Secondly, if you just want to encode those features you can pass the proper values to the n_values and categorical_features parameters.
Example:
I will assume dow is day of the week, which will have seven values, and precip will have (rain, sleet, snow, and mix) as values.
from sklearn.preprocessing import LabelEncoder, OneHotEncoder
df2 = df.copy()
le = LabelEncoder()
le.fit(['rain', 'sleet', 'snow', 'mix'])
df2.precip = le.transform(df2.precip)
df2
Temp precip dow tod
0 -20.44 3 4 14.500000
1 -22.69 3 4 15.216667
2 -21.52 3 4 17.316667
3 -21.52 3 4 17.733333
4 -20.51 3 4 18.150000
# Initialize OneHotEncoder with 4 values for precip and 7 for dow.
ohe = OneHotEncoder(n_values=np.array([4,7]), categorical_features=[1,2])
X = ohe.fit_transform(df2)
X.toarray()
array([[ 0. , 0. , 0. , 1. ,
0. , 0. , 0. , 0. ,
1. , 0. , 0. , -20.44 , 14.5 ],
[ 0. , 0. , 0. , 1. ,
0. , 0. , 0. , 0. ,
1. , 0. , 0. , -22.69 ,
15.21666667],
[ 0. , 0. , 0. , 1. ,
0. , 0. , 0. , 0. ,
1. , 0. , 0. , -21.52 ,
17.31666667],
[ 0. , 0. , 0. , 1. ,
0. , 0. , 0. , 0. ,
1. , 0. , 0. , -21.52 ,
17.73333333],
[ 0. , 0. , 0. , 1. ,
0. , 0. , 0. , 0. ,
1. , 0. , 0. , -20.51 , 18.15 ]])
Ok that works, but you have to either mutate your data in place or create a copy an things can get a little messy. A more organized way to do this would be to use a Pipeline.
from sklearn.preprocessing import FunctionTransformer
from sklearn.pipeline import FeatureUnion, Pipeline
def get_precip(X):
le = LabelEncoder()
le.fit(['rain', 'sleet', 'snow', 'mix'])
return le.transform(X.precip).reshape(-1,1)
def get_dow(X):
return X.dow.values.reshape(-1,1)
def get_rest(X):
return X.drop(['precip', 'dow'], axis=1)
precip_trans = FunctionTransformer(get_precip, validate=False)
dow_trans = FunctionTransformer(get_dow, validate=False)
rest_trans = FunctionTransformer(get_rest, validate=False)

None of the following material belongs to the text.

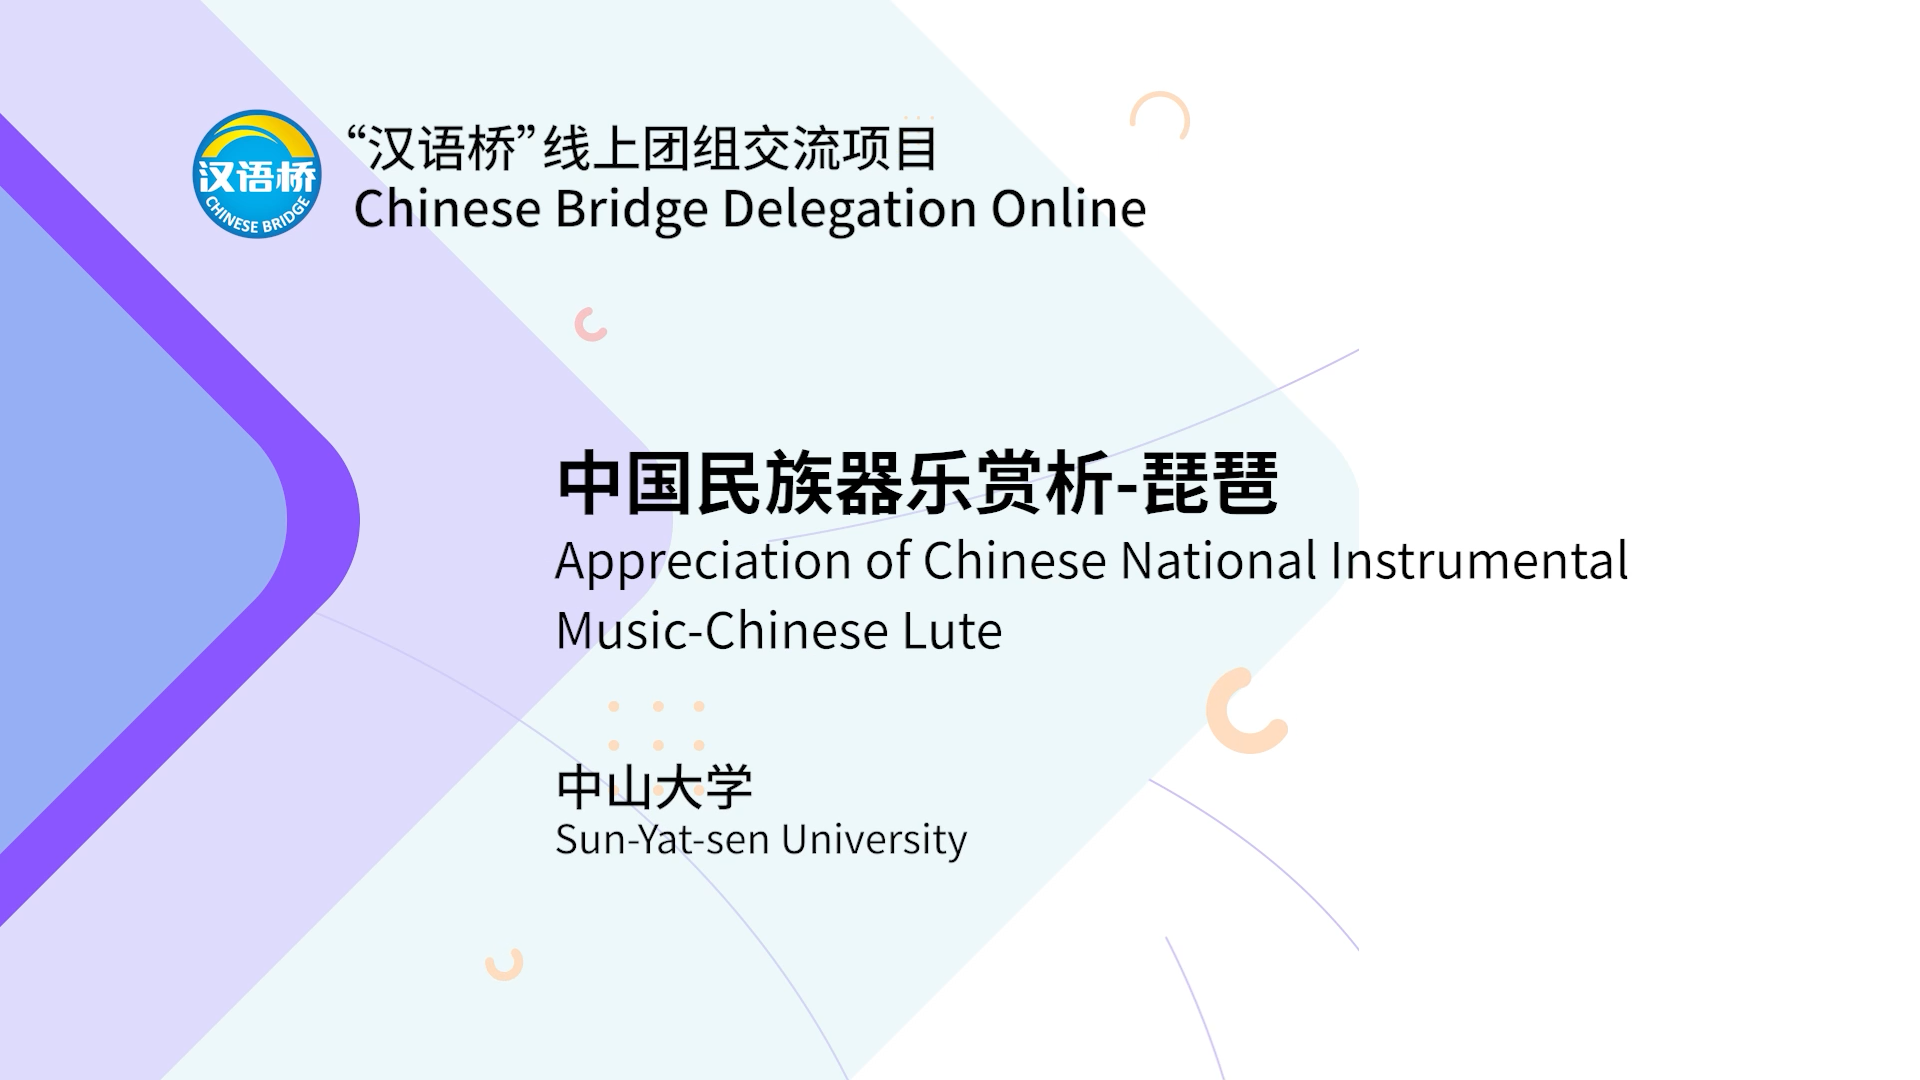 Appreciation of Chinese National Instrumental Music-Chinese Lute

union = FeatureUnion([('precip', precip_trans), ('dow', dow_trans), ('rest', rest_trans)])
ohe = OneHotEncoder(n_values=[4,7], categorical_features=[0,1])
pipe = Pipeline([('union', union), ('one_hot', ohe)])

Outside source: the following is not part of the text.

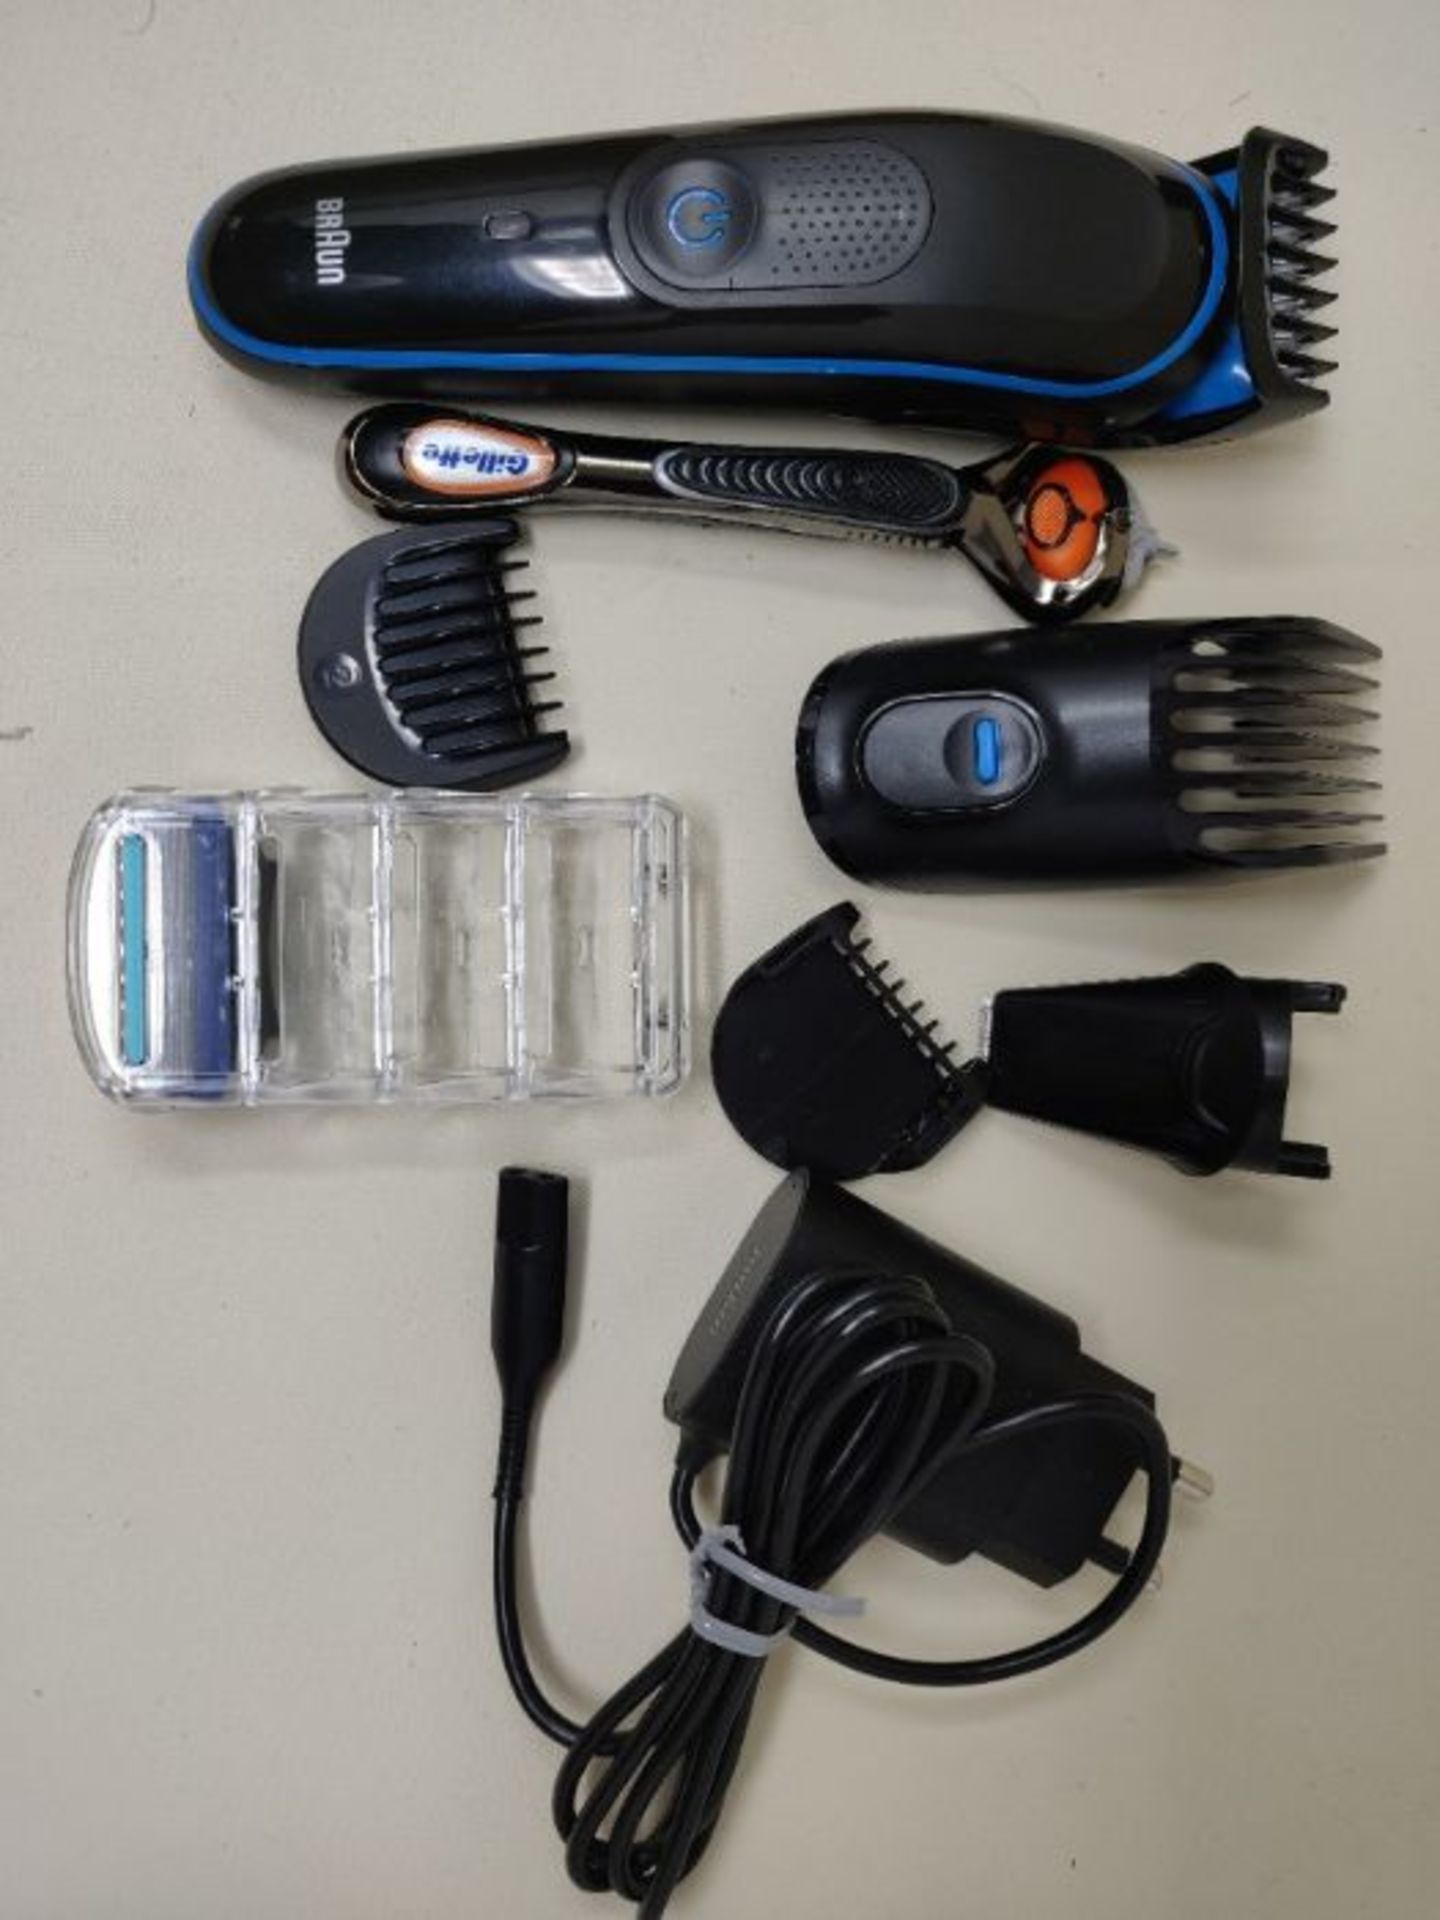 Braun 7-in-1 All-in-one Trimmer 3 MGK3245, Beard Trimmer for Men, Hair Clipper and Fac - Image 3 of 3

X = pipe.fit_transform(df)
X.toarray()
array([[ 0. , 0. , 0. , 1. ,
0. , 0. , 0. , 0. ,
1. , 0. , 0. , -20.44 , 14.5 ],
[ 0. , 0. , 0. , 1. ,
0. , 0. , 0. , 0. ,
1. , 0. , 0. , -22.69 ,
15.21666667],
[ 0. , 0. , 0. , 1. ,
0. , 0. , 0. , 0. ,
1. , 0. , 0. , -21.52 ,
17.31666667],
[ 0. , 0. , 0. , 1. ,
0. , 0. , 0. , 0. ,
1. , 0. , 0. , -21.52 ,
17.73333333],
[ 0. , 0. , 0. , 1. ,
0. , 0. , 0. , 0. ,
1. , 0. , 0. , -20.51 , 18.15 ]])
I do want to point out that in the upcoming release of sklearn v0.20 there will be a CategoricalEncoder which should make this kind of thing even easier.

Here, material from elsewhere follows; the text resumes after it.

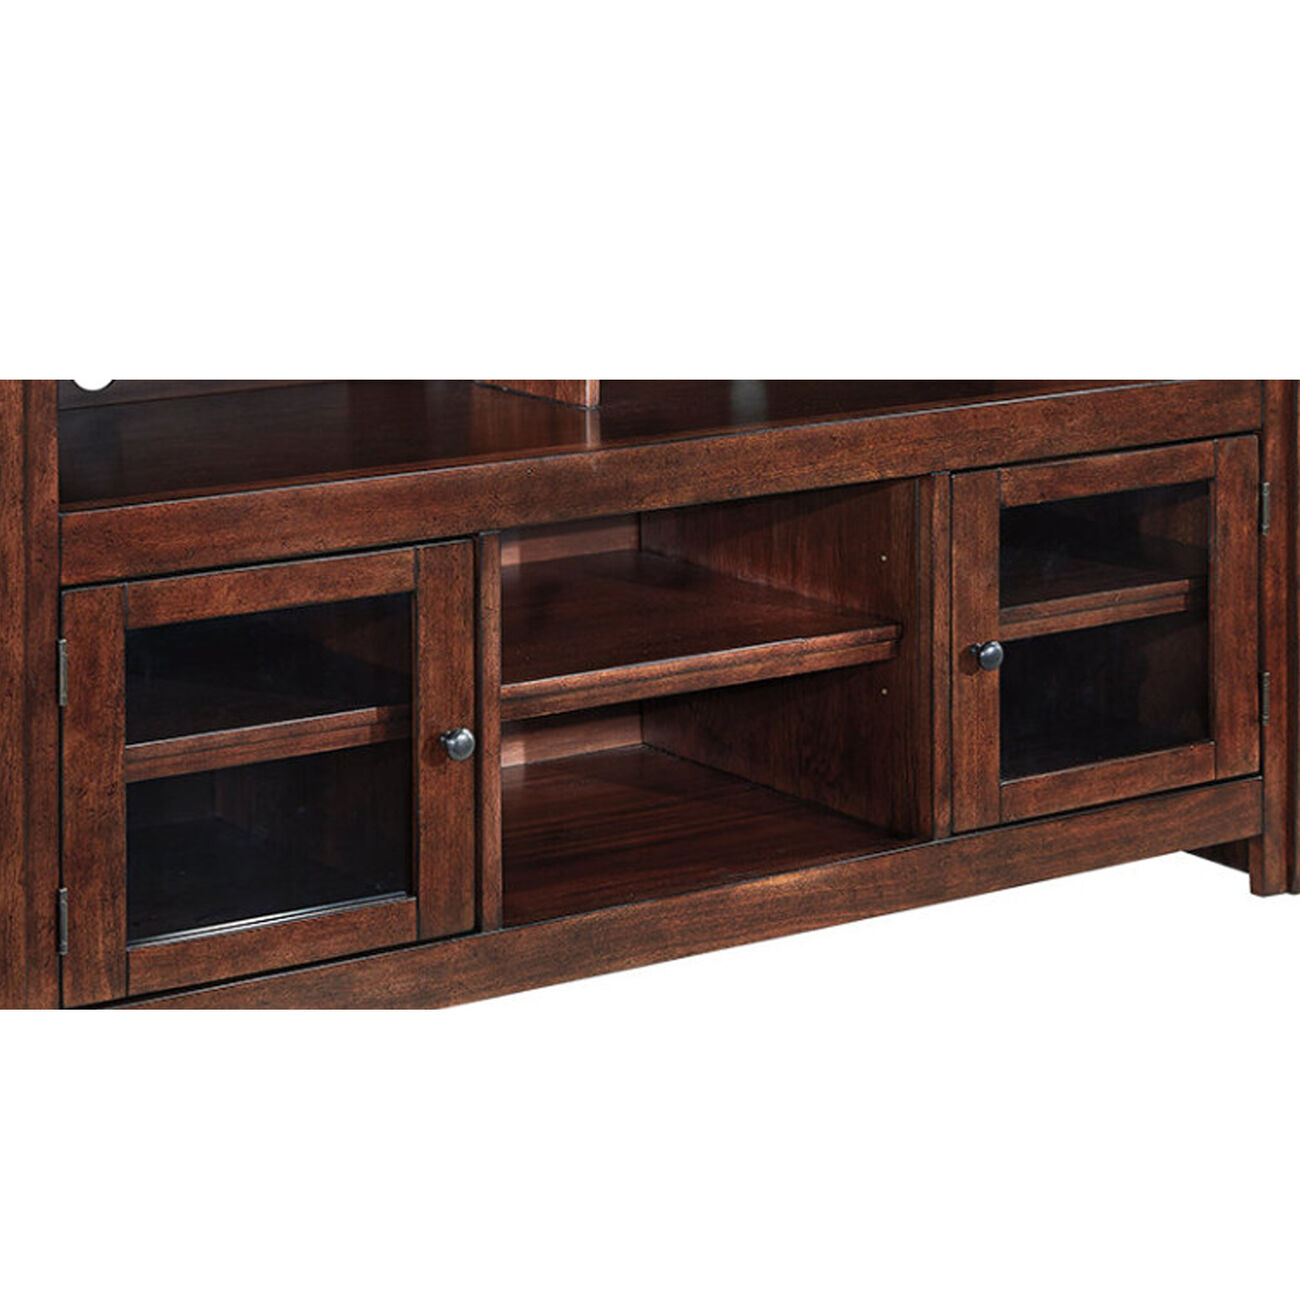 Wooden TV Stand with Two Glass Inserted Door Cabinets and Open Shelves, Large, Brown

I don't want to use pd.get_dummies because that won't put the data in
the proper format unless of each dow and precip are in the new data.
Assuming you want to encode but also maintain those two columns--are you sure this wouldn't work for you?
df = pd.DataFrame({
'temp': np.random.random(5) + 20.,
'precip': pd.Categorical(['snow', 'snow', 'rain', 'none', 'rain']),
'dow': pd.Categorical([4, 4, 4, 3, 1]),
'tod': np.random.random(5) + 10.
})
pd.concat((df[['dow', 'precip']],
pd.get_dummies(df, columns=['dow', 'precip'], drop_first=True)),
axis=1)
dow precip temp tod dow_3 dow_4 precip_rain precip_snow
0 4 snow 20.7019 10.4610 0 1 0 1
1 4 snow 20.0917 10.0174 0 1 0 1
2 4 rain 20.3978 10.5766 0 1 1 0
3 3 none 20.9804 10.0770 1 0 0 0
4 1 rain 20.3121 10.3584 0 0 1 0
In the case where you'll be interacting with new data that includes categories that df hasn't "seen," you can use
df['col'] = df['col'].cat.add_categories(...)
Where you pass a list of the set difference. This adds to the list of "recognized" categories for the resulting pd.Categorical object.